Using only the entries below, output the lines starting at the one containing "Cute Panda Stuffed Animal Toy, 18 Inches" and ending at the one containing "Best High-Yield Savings Account", exactly and inclusive of both, omitting the pictures.

**Provided information**
○ ○ ○ ○

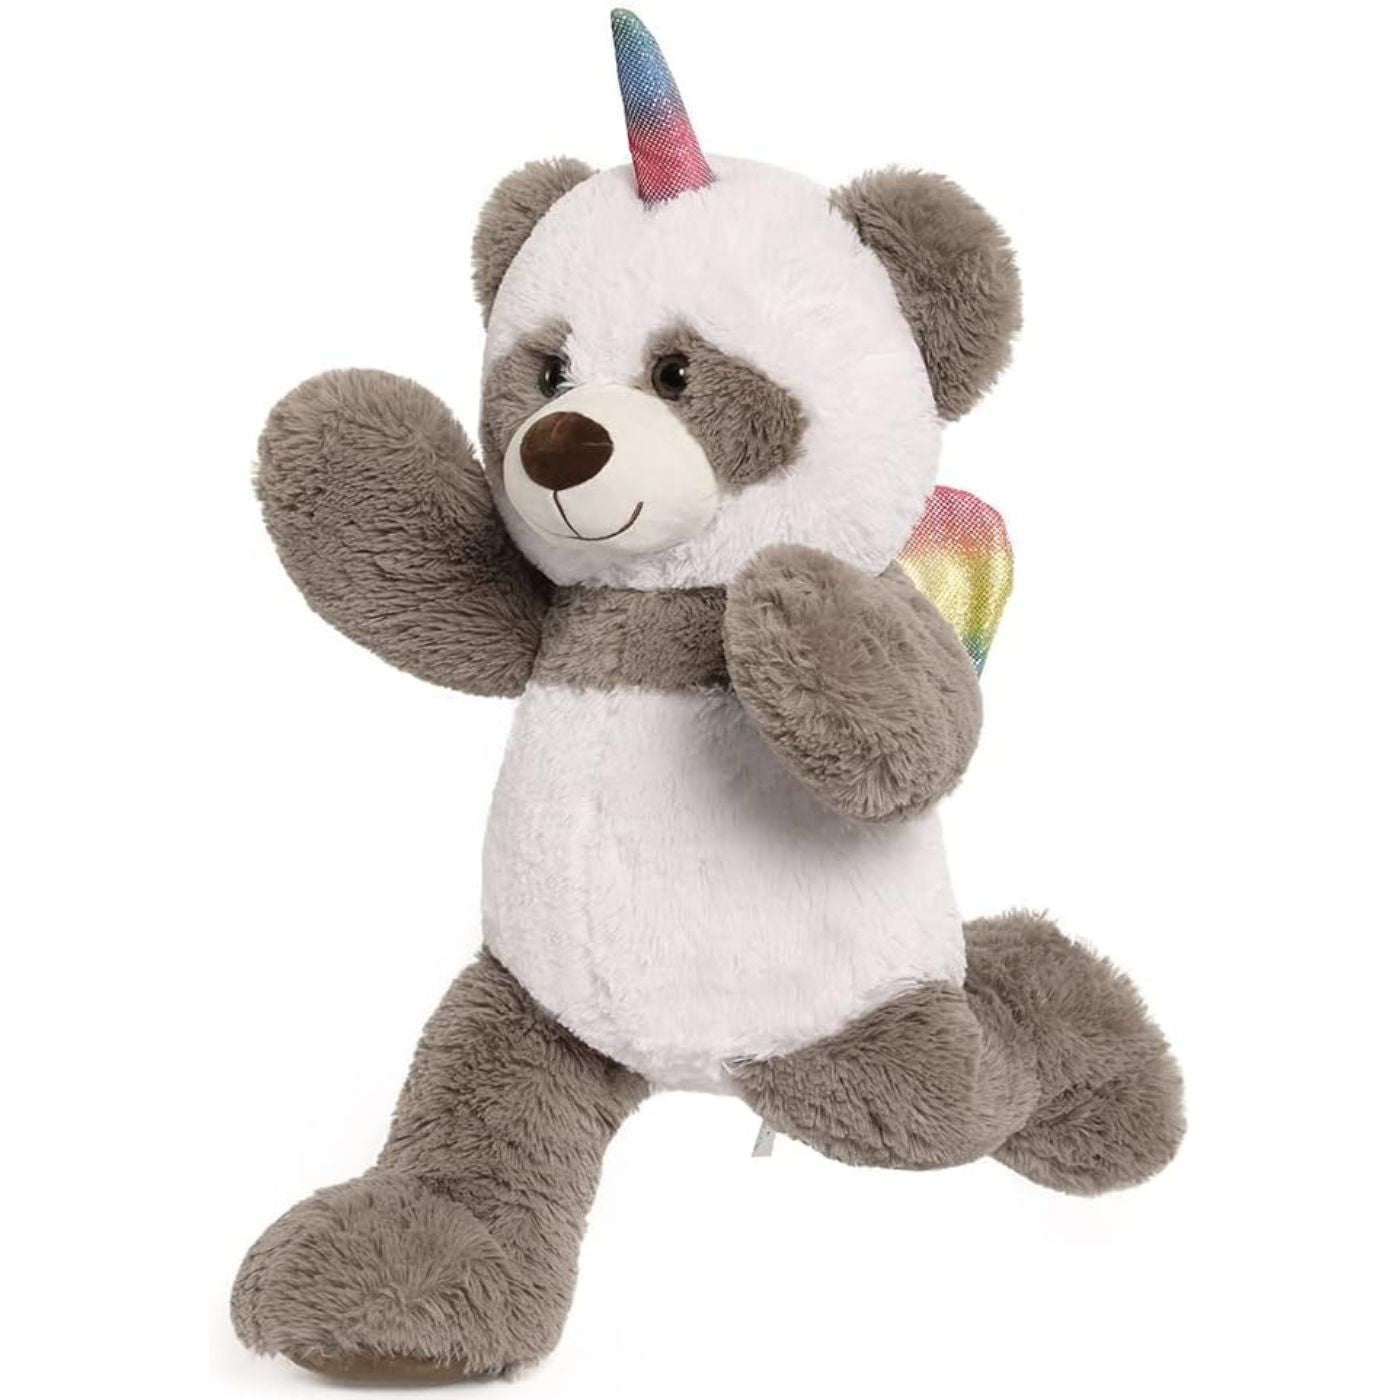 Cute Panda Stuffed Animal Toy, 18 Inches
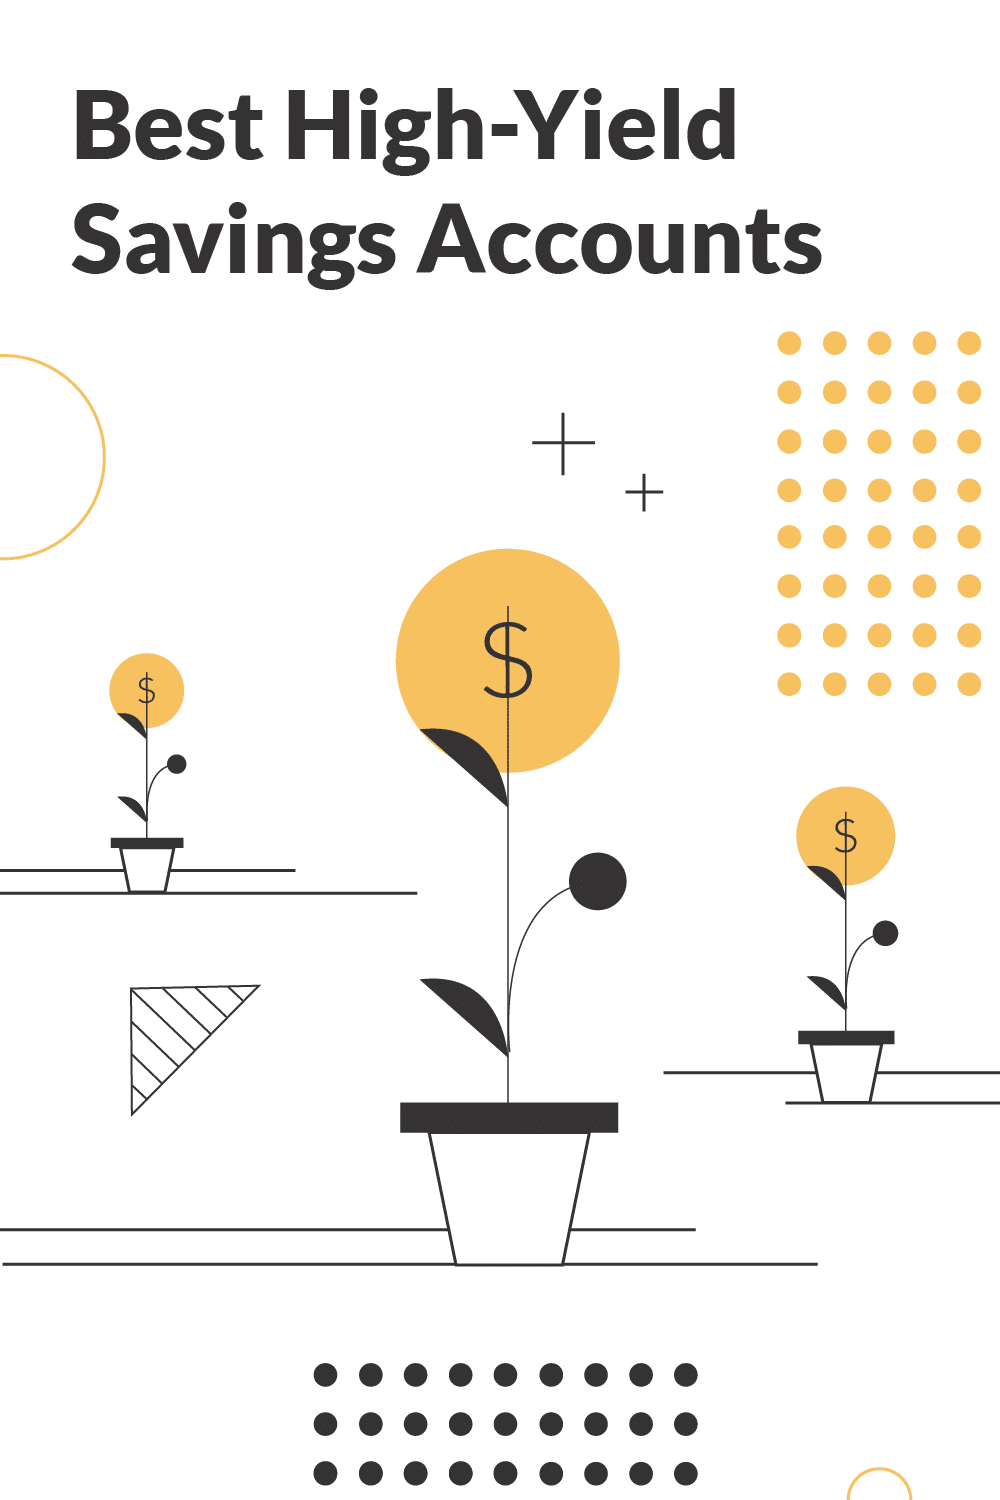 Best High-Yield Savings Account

○ ○ ○ ○

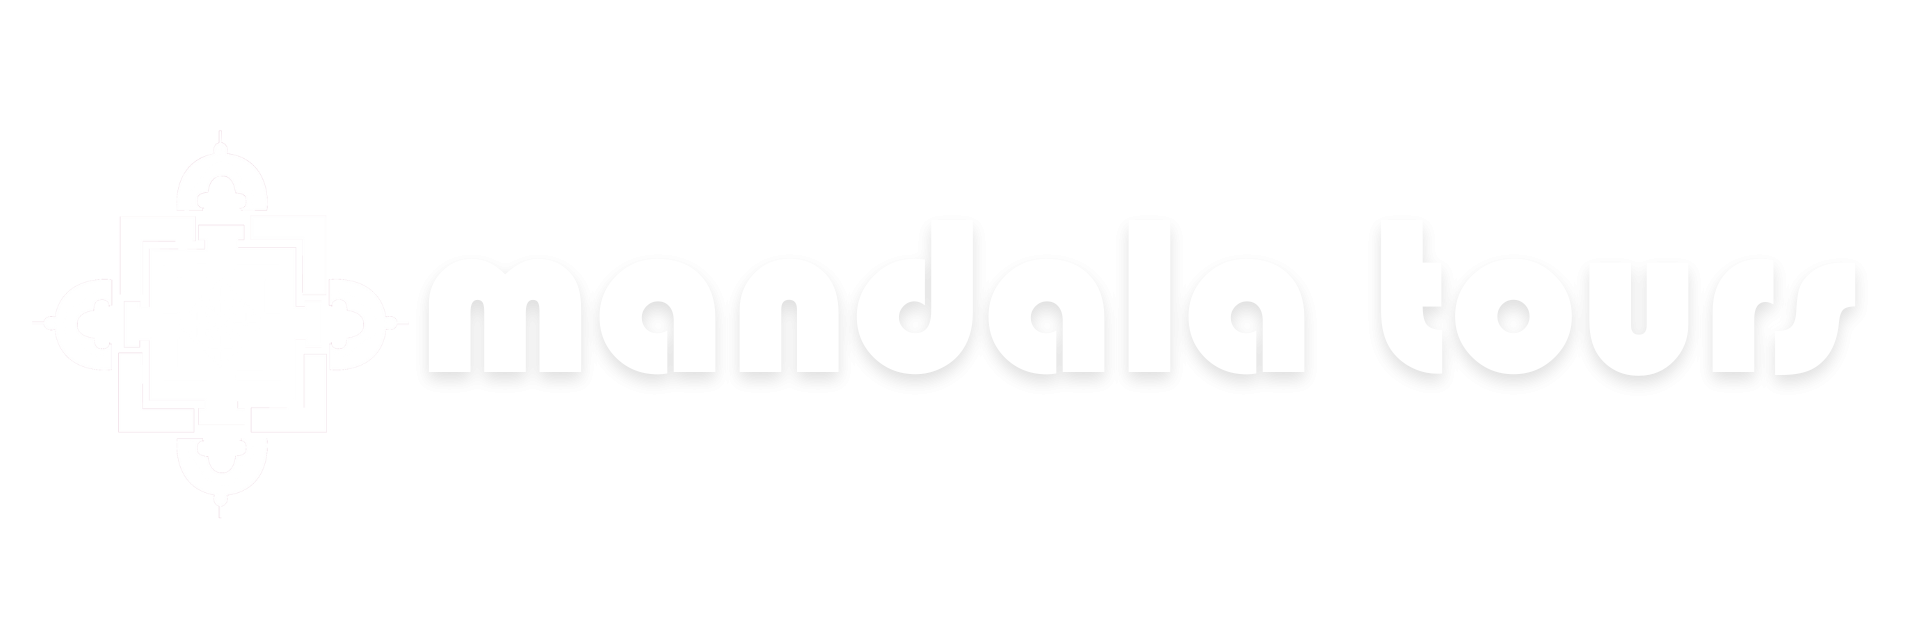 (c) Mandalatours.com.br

○ ○ ○ ○

**Answer space**
 Cute Panda Stuffed Animal Toy, 18 Inches
 Best High-Yield Savings Account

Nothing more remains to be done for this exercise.